In heuristic evaluation, a group of three to five evaluators can detect 65–75% of usability issues, based on [52]. Therefore, three expert evaluators were assigned to the heuristic evaluation. The checklist of the heuristic evaluation was conducted using the 10 usability heuristics proposed by Jakob Nielsen’s 10 general principles for interaction design [52]. The heuristic evaluation involves four phases: (1) individual work—each evaluator individually names possible problems with the website; (2) teamwork—all the evaluators engage in teamwork in coordination that is led by a supervising evaluator to address all the problems and create one list of problems; (3) individual work—each evaluator determines the frequency and its related severity; (4) teamwork—the averages of frequency and severity are estimated to rank all the listed problems. In this way, more attention is given to the more serious problems to be resolved [47].

In usability testing and eye-tracking, according to the past literature, five users will find over 80% of the usability problems [71]. Therefore, five different participants performed usability testing for each website. The usability testing technique was used to obtain quantitative and qualitative data about test participants’ performance when they performed the tasks during a usability test. All participants received introduction and instruction sheets in addition to a consent and withdrawal form. Once the participants signed the consent form, a schedule and timing of the test session were designed, and they were notified accordingly.

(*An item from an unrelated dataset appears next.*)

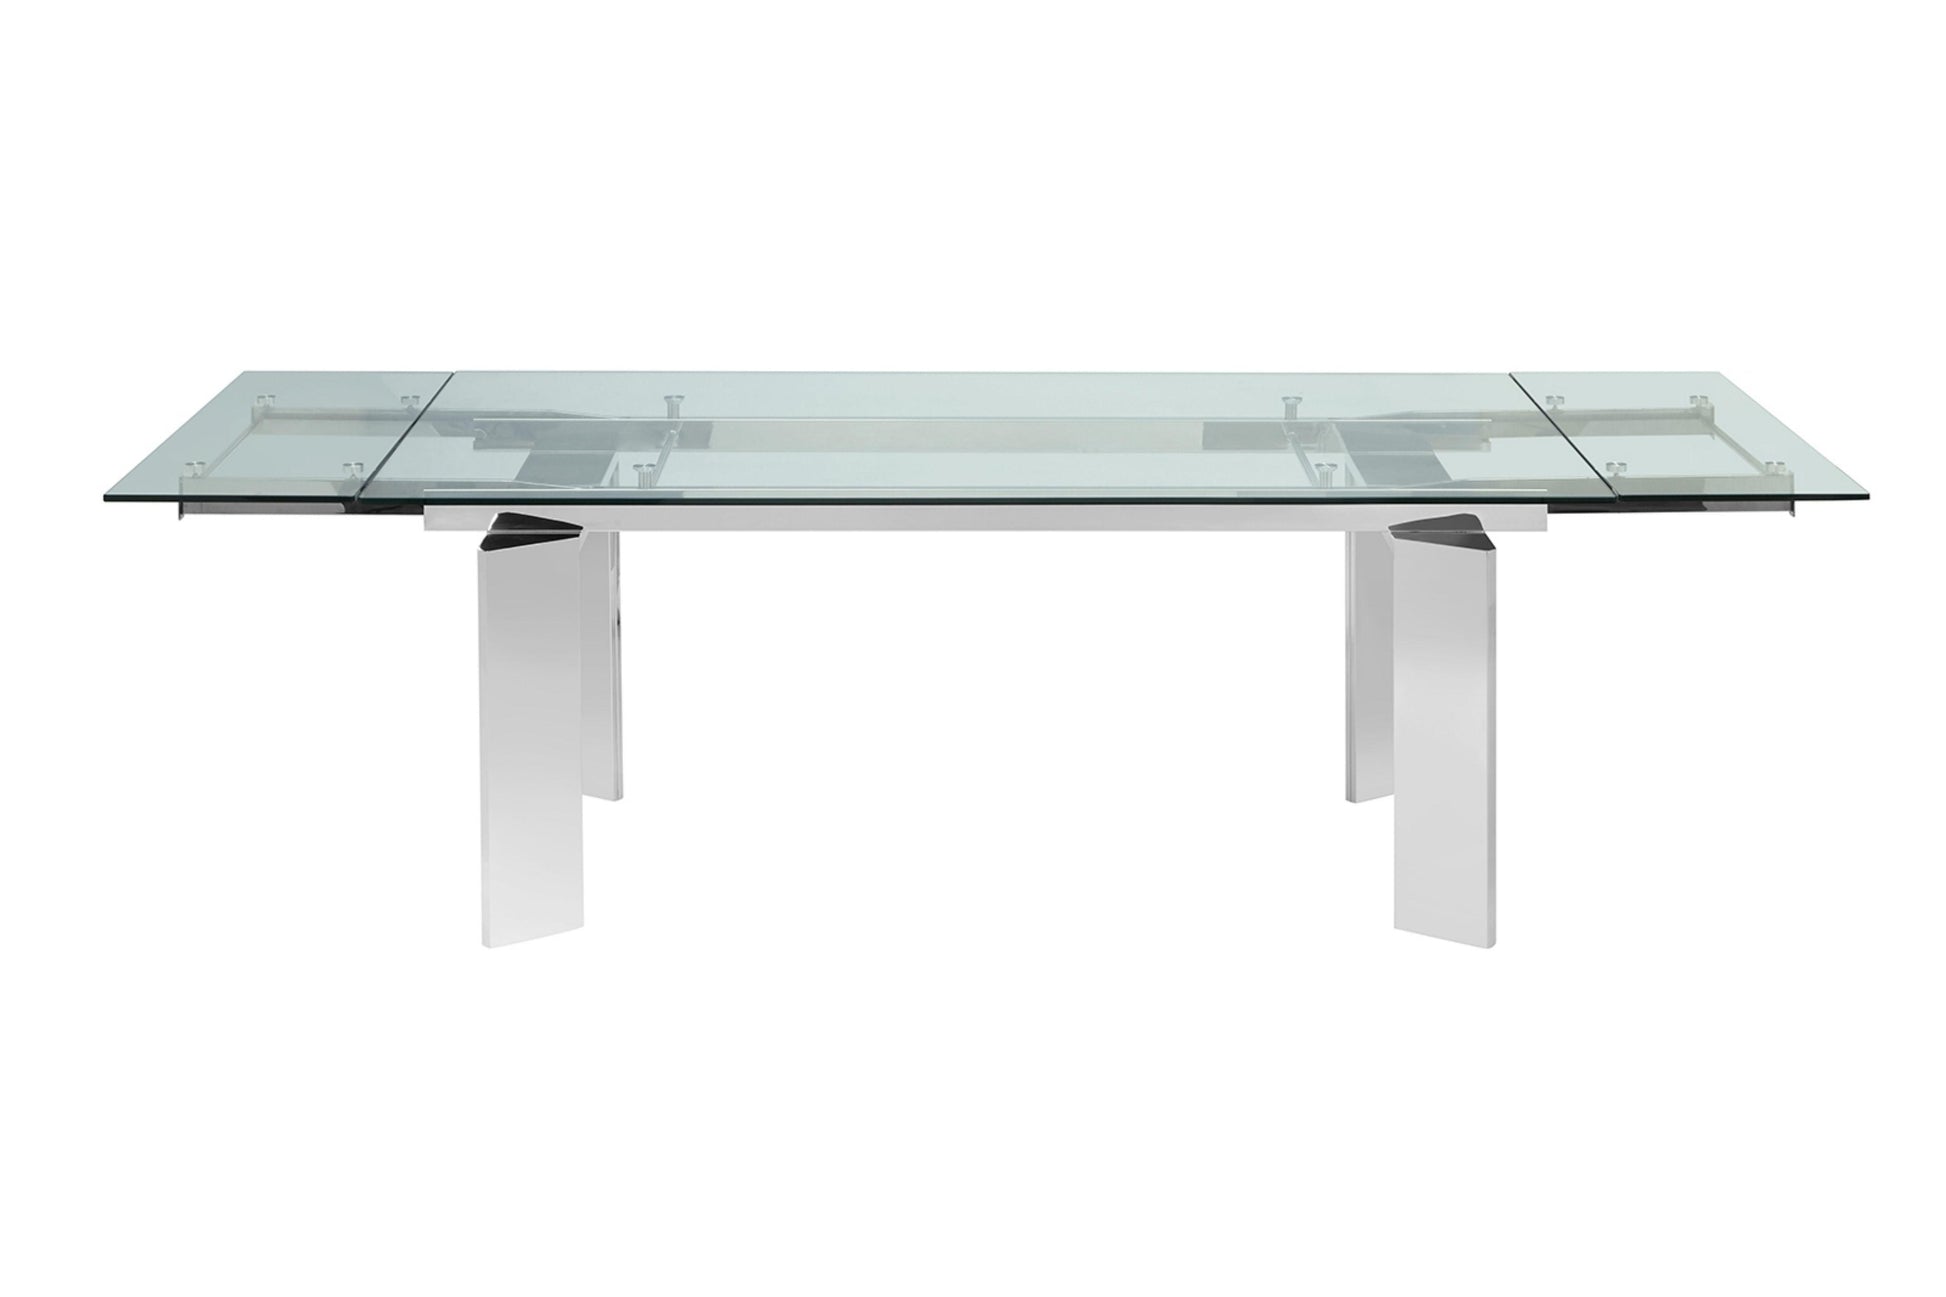  dining table in clear glass with polished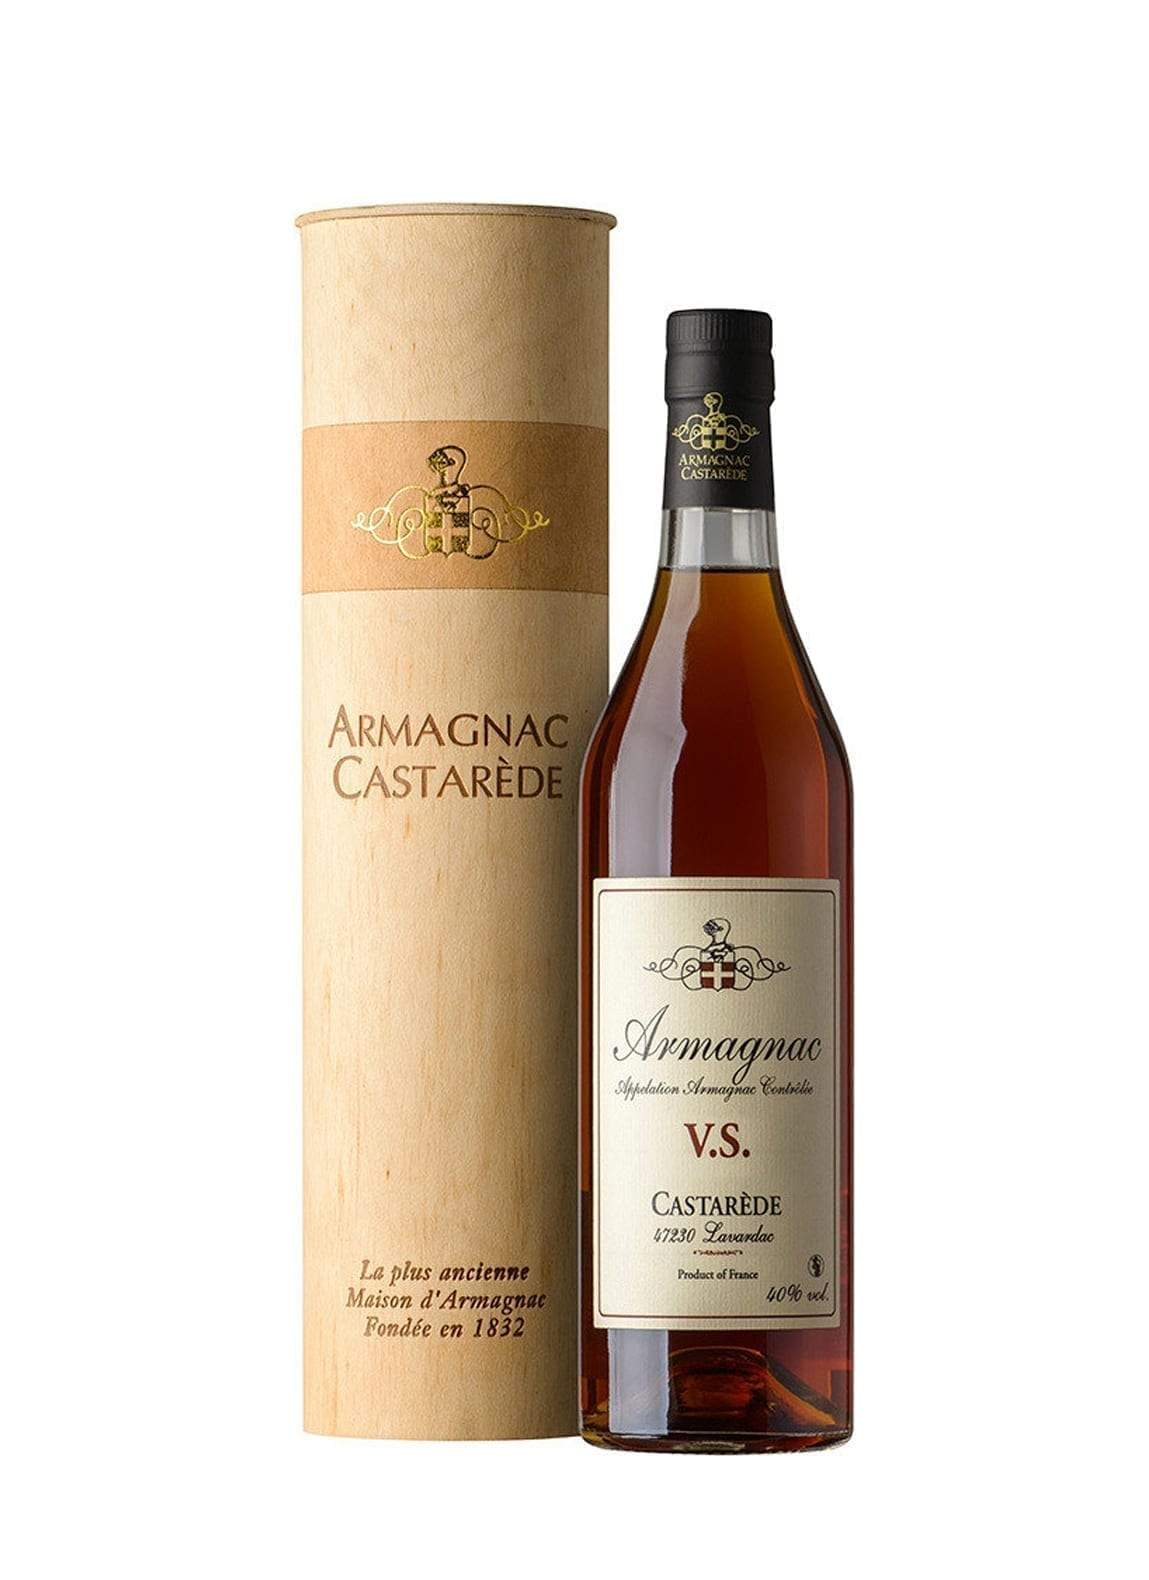 Castarde VS (Dominant Folle Blanche) 2-3 years 42.5% 500ml | Brandy | Shop online at Spirits of France

Twenty users were selected: five users for usability testing and five users for the eye-tracking method for each website. The experiment was conducted with users with upper-intermediate English and computer skills, and of different demographic characteristics, such as gender, age, and education level, as shown in Table 2. All the addressed problems were rated based on the severity rating scale; severity rating is a scale for ranking the usability problems by the observer and expert evaluators. Therefore, this research applied a rating scale of 0–4, as described by [52].

3.2.3. Tools

Google Forms: this was used to design the SEQ questionnaire and collect data from users.
Microsoft Excel version 16.73: Microsoft Excel was used to analyze and visualize the data.
Eye-Tracking Tool: RealEye version 10.0 is an online platform with webcam eye tracking.

3.2.4. Tasks

Four common tasks were selected for the two websites. The users were required to perform these tasks.

Task 1: Find the total price for an LG 55-inch, 4K ULTRA HD Nano Cell LED Smart TV, black color.
Task 2: Compare the price of (Nikon D3500 DSLR Camera) and (Canon EOS 4000D (NIS) DSLR Camera) to determine which one is cheaper.
Task 3: Add Eufy RoboVoac G10 Hybrid Robotic Vacuum Cleaner to the cart, white color.
Task 4: Write down the telephone number of customer support.

4. Data Analysis

This section aims to show the followed procedures and findings of the experiments of the behavioral measurements techniques for the Extra and Jarir websites.

4.1. Heuristic Evaluation Analysis

Three experts were selected according to their experiences with UI/UX and heuristic evaluation. They were reached through e-mail and furnished with the three attachment files. The introductory file included the welcome message and the purposes of this research. The second and third files were evaluation forms for the Jarir and Extra websites that included the process of heuristic evaluation, Nielsen’s 10 general principles with a description of each one, and severity rating. Each expert spent 2 days before submitting the report for each website. Then, the provided problems with severity ratings were aggregated in one file. In total, the experts identified 50 usability issues, where 24 of the discovered issues were for the Extra website, and 26 of the issues were for the Jarir website.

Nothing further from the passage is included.